Further, while these features attract attention, it does not seem to be the kind of attention that moves the WATTage switch from low to high.  An observer seeing protest persuasion (think of a film clip from an event) is not likely to shift processing modes.  Thus, it is hard to see most protest persuasion as something that functions as that mental switch for WATTage.

That pretty much leaves Cues as the default function for most protest persuasion.  All of that large, colorful, and energetic action functions as a simple indicator to the “correct” attitude and thus behavior.  Cues are easy to spot, easy to process, and when well done point to, underline, and boldface the “correct” behavior.  They tend to produce immediate change that rarely lasts past the presentation of the cue.

A simple persuasion analysis of protest persuasion thus points to a receipe for failure.  We see two key points:  1) Focus on Reception with less regard for following Cascade stages and 2) reliance upon persuasion Cues with less regard for producing Central Route change with high WATT processing of strong Arguments and long term change.  This analysis predicts a failed persuasion attempt.

Assessing what is “success” for contemporary protest persuasion is a difficult task.  However, if one uses concrete, observable actions as the criterion, it’s apparent that the agenda of protest persuaders, especially from the “green” orientation, has largely failed over the past 50 years.  Population continues to grow and so does demand and consumption of energy.  One could argue that protest persuasion has slowed that growth, but in the absence of good empirical evidence, a “comparative advantages” argument is really quite a weak criterion.  Besides, protest persuasion does not aim at little changes, but seeks the Big One, baby.

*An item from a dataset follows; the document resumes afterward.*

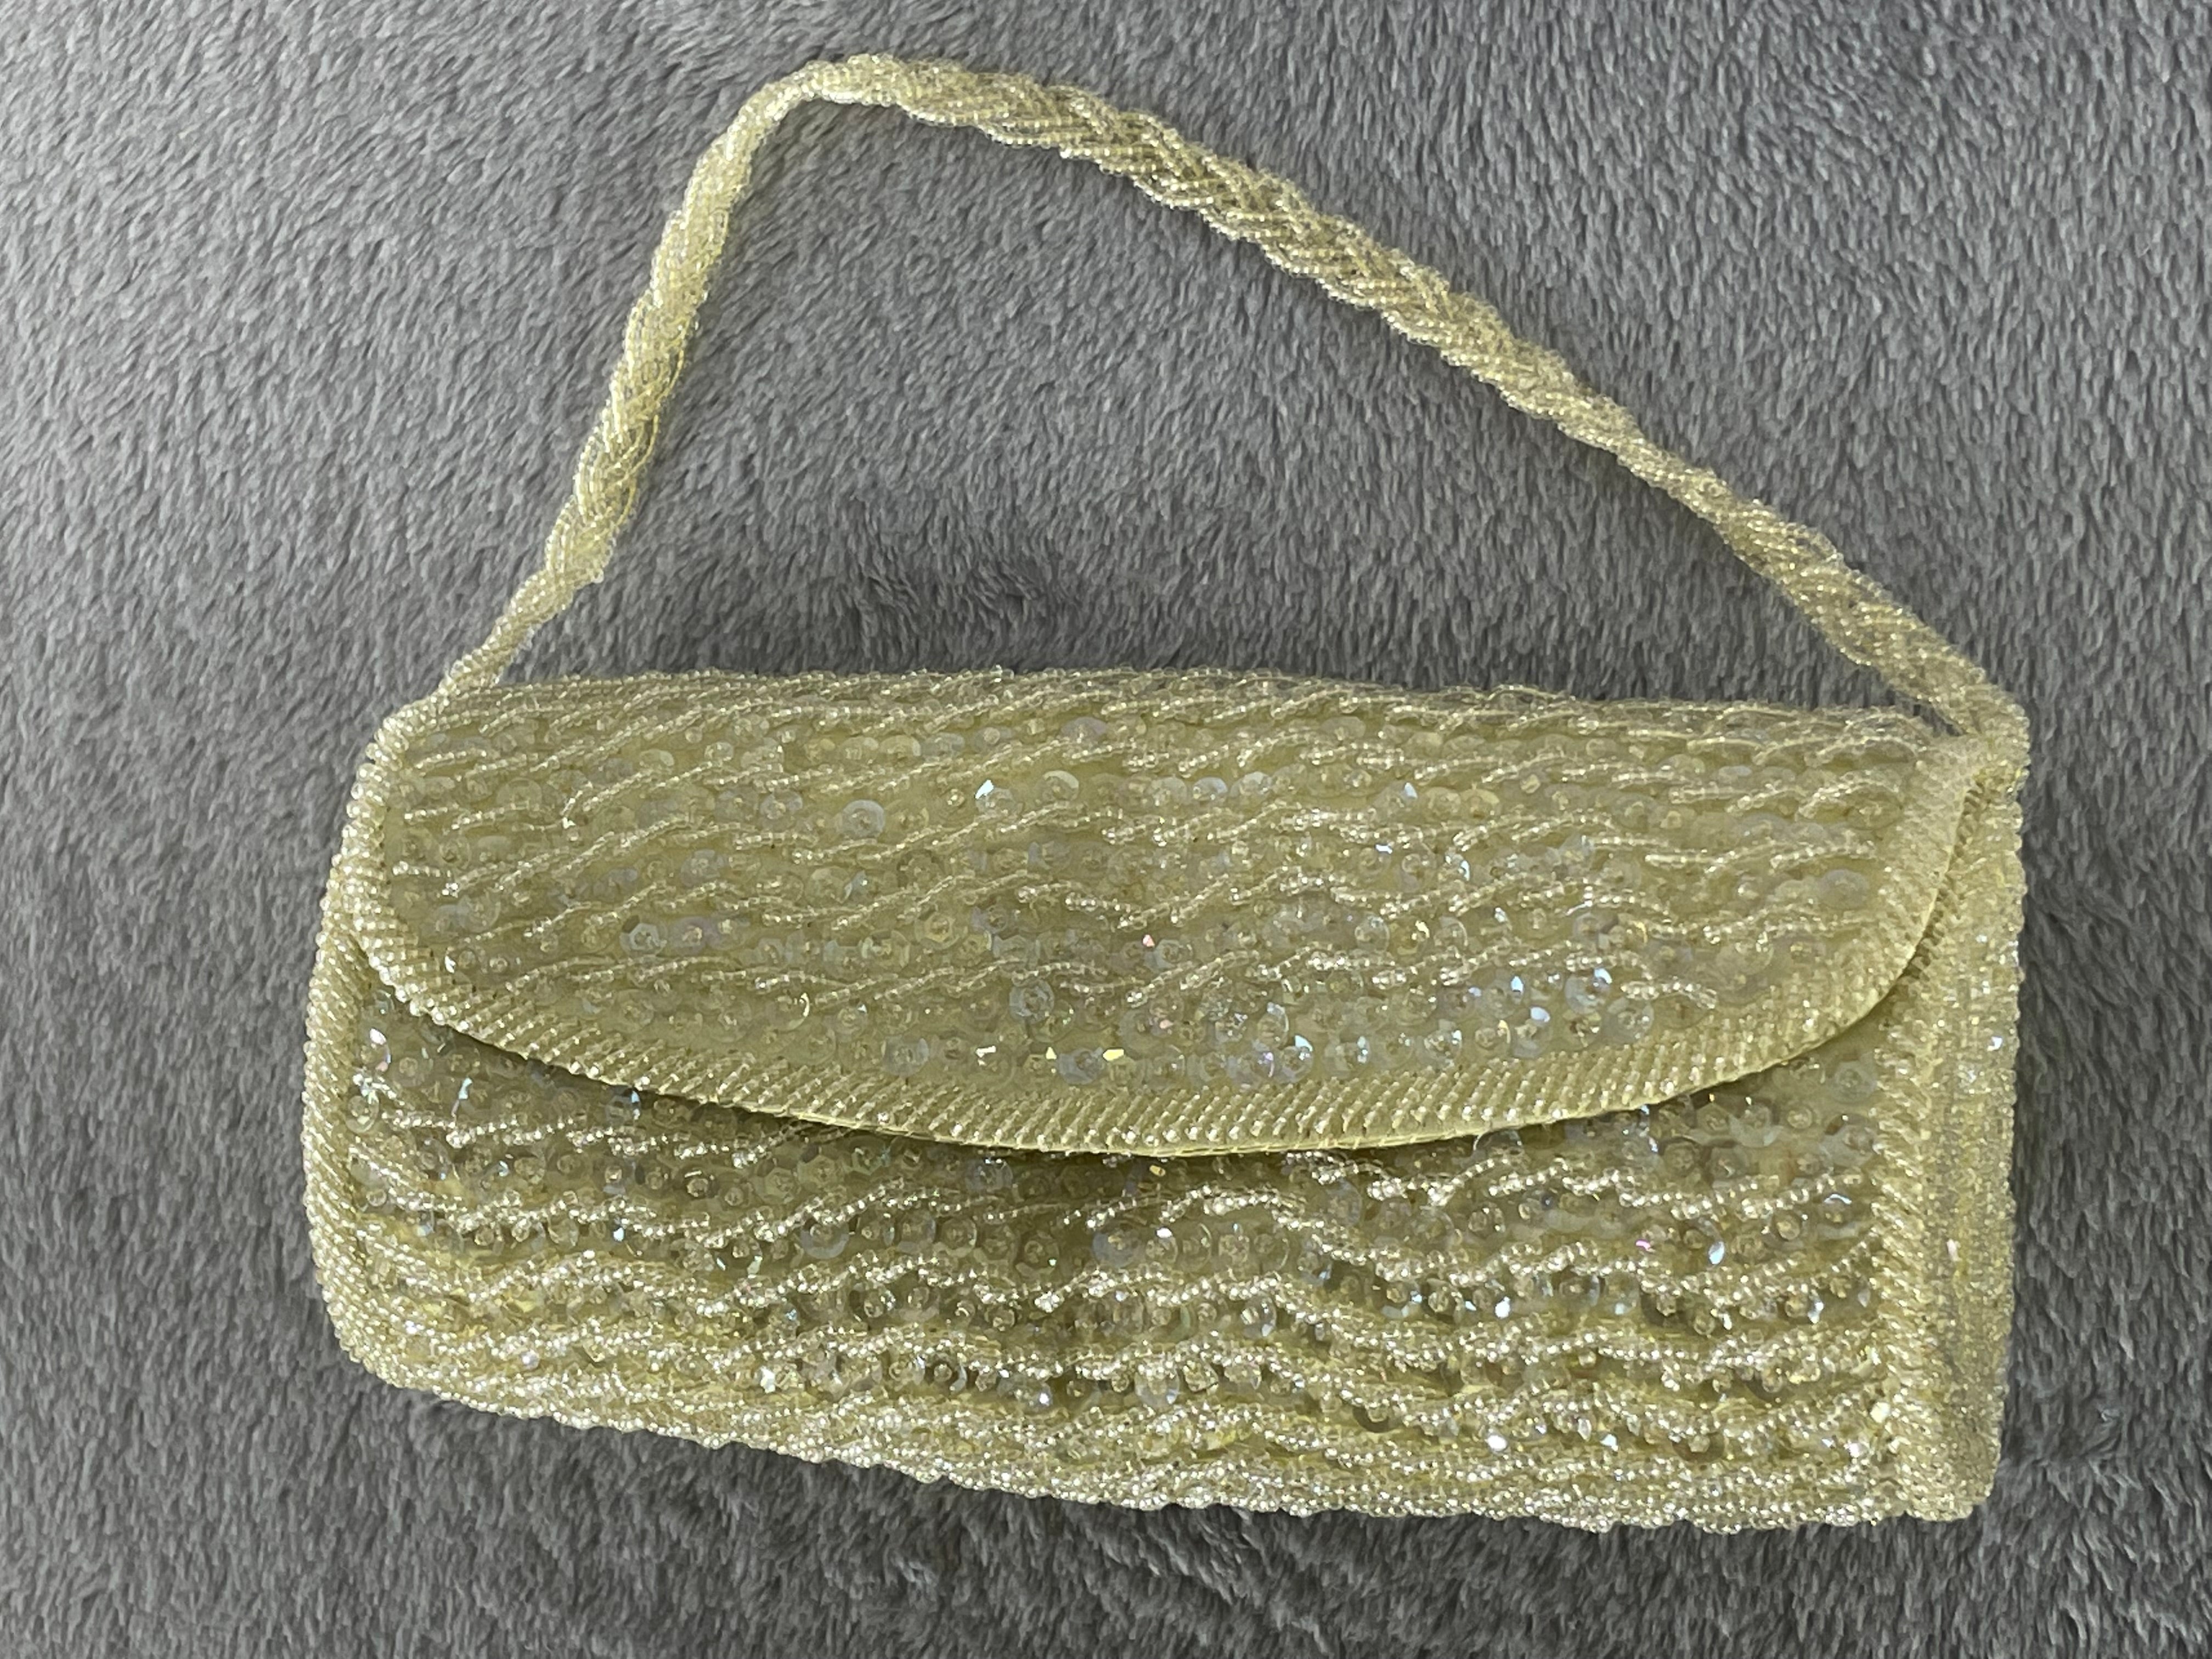 Vintage 1960s Walborg Formal Beaded Evening Bag Gold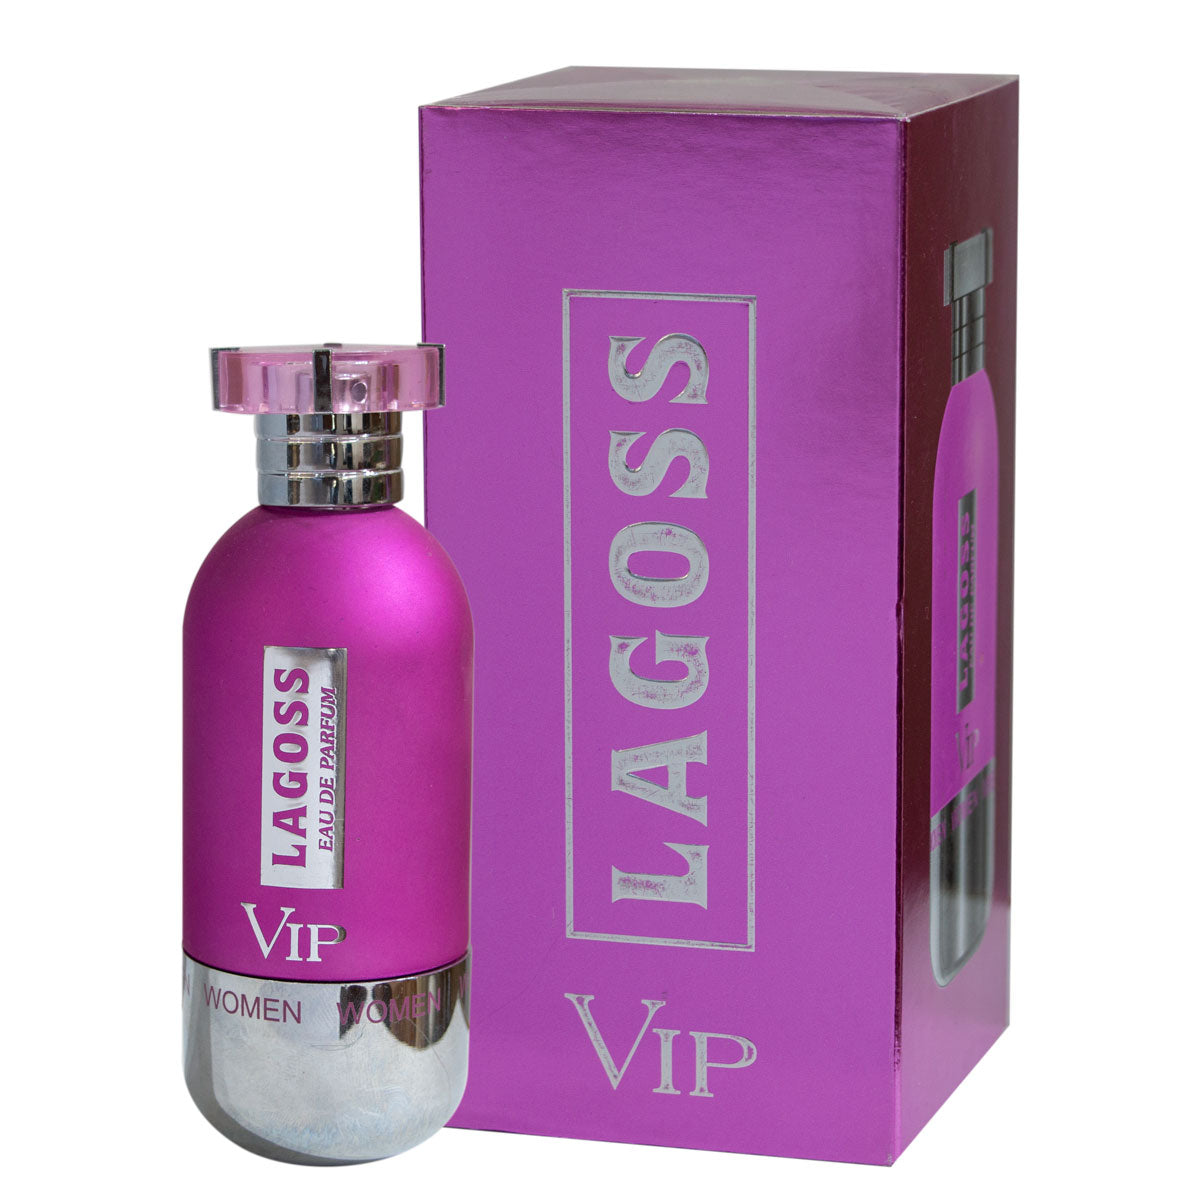 VIP Lagoss for Women EDT 100ml - samawa perfumes

And, finally, consider protest persuasion and the Rules.  Reflect on these two:  1) All bad persuasion is sincere and 2) It’s about the other guy.

At the top of the list of “sincere persuaders” one would have to put protest persuaders.  Talk about people who wear their hearts on their sleeves.  If you are chaining yourself to a tree, no one would ever doubt your sincerity.  Which is large persuasion problem.  Protest persuasion is more often an act of self expression rather than an act of persuasion.

Further, protest persuasion seems to be tone deaf to “the other guy.”  Hey, you’re trying to get other people to change what they are doing.  The world doesn’t change for the better simply because you believe what you believe, but because the other guy starts believing what you believe.

My analysis leads me to conclude that protest persuasion is a lot of protest, but little persuasion.  It is more about self expression than changing the other guy.